# [WHAT THE TASK ASKS]
The material below contains a line with "Larissa Coltrane - Paranormal" and a line with "Harmony ISD Texas Home for sale on acreage". Copy exactly those two lines and all lines between them.

# [AVAILABLE RECORDS]
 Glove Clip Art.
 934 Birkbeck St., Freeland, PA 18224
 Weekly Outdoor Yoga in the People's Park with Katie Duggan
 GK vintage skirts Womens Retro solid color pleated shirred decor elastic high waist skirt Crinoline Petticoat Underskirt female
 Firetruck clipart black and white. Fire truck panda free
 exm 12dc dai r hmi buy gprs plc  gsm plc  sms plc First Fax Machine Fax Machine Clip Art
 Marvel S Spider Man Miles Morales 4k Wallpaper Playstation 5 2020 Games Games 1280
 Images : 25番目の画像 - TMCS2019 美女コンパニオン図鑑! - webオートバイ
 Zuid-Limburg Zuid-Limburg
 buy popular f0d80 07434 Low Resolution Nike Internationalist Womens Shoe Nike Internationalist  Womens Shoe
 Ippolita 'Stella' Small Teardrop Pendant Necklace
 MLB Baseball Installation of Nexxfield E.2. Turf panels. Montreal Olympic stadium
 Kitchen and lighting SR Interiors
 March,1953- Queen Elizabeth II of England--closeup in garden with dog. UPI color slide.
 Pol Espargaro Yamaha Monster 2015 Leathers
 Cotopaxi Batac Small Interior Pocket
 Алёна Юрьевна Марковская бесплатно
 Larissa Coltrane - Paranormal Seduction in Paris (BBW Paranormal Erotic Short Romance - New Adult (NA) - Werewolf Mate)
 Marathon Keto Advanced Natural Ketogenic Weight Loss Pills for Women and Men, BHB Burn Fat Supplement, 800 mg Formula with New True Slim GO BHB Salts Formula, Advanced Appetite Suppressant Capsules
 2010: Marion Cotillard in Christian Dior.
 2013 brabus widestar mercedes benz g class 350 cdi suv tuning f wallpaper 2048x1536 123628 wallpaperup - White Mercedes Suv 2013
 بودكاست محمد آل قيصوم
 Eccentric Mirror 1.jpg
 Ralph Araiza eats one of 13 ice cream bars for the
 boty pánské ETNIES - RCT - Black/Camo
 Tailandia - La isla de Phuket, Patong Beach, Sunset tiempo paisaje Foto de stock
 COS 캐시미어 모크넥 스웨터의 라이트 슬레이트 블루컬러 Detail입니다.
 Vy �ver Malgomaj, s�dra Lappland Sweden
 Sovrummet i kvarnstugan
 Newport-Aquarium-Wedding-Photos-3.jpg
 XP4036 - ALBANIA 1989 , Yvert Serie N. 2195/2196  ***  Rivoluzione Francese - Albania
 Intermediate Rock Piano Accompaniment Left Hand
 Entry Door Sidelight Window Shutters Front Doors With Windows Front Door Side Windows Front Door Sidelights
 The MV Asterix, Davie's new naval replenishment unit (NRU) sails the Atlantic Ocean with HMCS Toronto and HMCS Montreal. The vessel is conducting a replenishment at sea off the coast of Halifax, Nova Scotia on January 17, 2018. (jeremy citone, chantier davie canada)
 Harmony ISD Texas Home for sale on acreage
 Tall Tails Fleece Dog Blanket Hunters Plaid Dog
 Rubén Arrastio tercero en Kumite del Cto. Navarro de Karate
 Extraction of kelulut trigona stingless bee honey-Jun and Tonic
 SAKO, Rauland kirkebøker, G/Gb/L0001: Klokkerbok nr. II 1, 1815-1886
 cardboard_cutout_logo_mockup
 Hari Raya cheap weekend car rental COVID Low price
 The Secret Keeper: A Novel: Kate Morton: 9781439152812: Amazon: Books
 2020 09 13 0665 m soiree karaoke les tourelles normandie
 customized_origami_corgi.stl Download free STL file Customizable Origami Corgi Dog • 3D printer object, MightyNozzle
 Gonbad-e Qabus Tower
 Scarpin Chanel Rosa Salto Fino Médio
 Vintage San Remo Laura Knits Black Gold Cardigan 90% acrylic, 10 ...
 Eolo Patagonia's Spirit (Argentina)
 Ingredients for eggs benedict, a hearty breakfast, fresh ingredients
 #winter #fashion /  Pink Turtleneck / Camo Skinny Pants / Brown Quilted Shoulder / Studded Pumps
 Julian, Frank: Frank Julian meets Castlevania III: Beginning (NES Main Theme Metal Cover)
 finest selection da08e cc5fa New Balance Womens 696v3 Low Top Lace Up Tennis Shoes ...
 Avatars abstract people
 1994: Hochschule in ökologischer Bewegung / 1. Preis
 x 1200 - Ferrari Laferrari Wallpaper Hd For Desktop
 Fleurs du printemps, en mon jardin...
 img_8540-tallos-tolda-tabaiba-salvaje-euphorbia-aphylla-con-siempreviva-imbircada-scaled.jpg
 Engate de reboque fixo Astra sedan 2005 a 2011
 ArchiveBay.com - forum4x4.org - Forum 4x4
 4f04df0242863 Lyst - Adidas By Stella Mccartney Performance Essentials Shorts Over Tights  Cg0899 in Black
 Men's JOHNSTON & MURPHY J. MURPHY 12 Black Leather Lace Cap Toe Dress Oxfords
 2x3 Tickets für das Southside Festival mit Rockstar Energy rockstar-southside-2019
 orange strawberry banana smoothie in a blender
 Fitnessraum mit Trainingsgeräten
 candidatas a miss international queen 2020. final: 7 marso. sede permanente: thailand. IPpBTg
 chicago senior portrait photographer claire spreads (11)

# [ANSWER SECTION]
 Larissa Coltrane - Paranormal Seduction in Paris (BBW Paranormal Erotic Short Romance - New Adult (NA) - Werewolf Mate)
 Marathon Keto Advanced Natural Ketogenic Weight Loss Pills for Women and Men, BHB Burn Fat Supplement, 800 mg Formula with New True Slim GO BHB Salts Formula, Advanced Appetite Suppressant Capsules
 2010: Marion Cotillard in Christian Dior.
 2013 brabus widestar mercedes benz g class 350 cdi suv tuning f wallpaper 2048x1536 123628 wallpaperup - White Mercedes Suv 2013
 بودكاست محمد آل قيصوم
 Eccentric Mirror 1.jpg
 Ralph Araiza eats one of 13 ice cream bars for the
 boty pánské ETNIES - RCT - Black/Camo
 Tailandia - La isla de Phuket, Patong Beach, Sunset tiempo paisaje Foto de stock
 COS 캐시미어 모크넥 스웨터의 라이트 슬레이트 블루컬러 Detail입니다.
 Vy �ver Malgomaj, s�dra Lappland Sweden
 Sovrummet i kvarnstugan
 Newport-Aquarium-Wedding-Photos-3.jpg
 XP4036 - ALBANIA 1989 , Yvert Serie N. 2195/2196  ***  Rivoluzione Francese - Albania
 Intermediate Rock Piano Accompaniment Left Hand
 Entry Door Sidelight Window Shutters Front Doors With Windows Front Door Side Windows Front Door Sidelights
 The MV Asterix, Davie's new naval replenishment unit (NRU) sails the Atlantic Ocean with HMCS Toronto and HMCS Montreal. The vessel is conducting a replenishment at sea off the coast of Halifax, Nova Scotia on January 17, 2018. (jeremy citone, chantier davie canada)
 Harmony ISD Texas Home for sale on acreage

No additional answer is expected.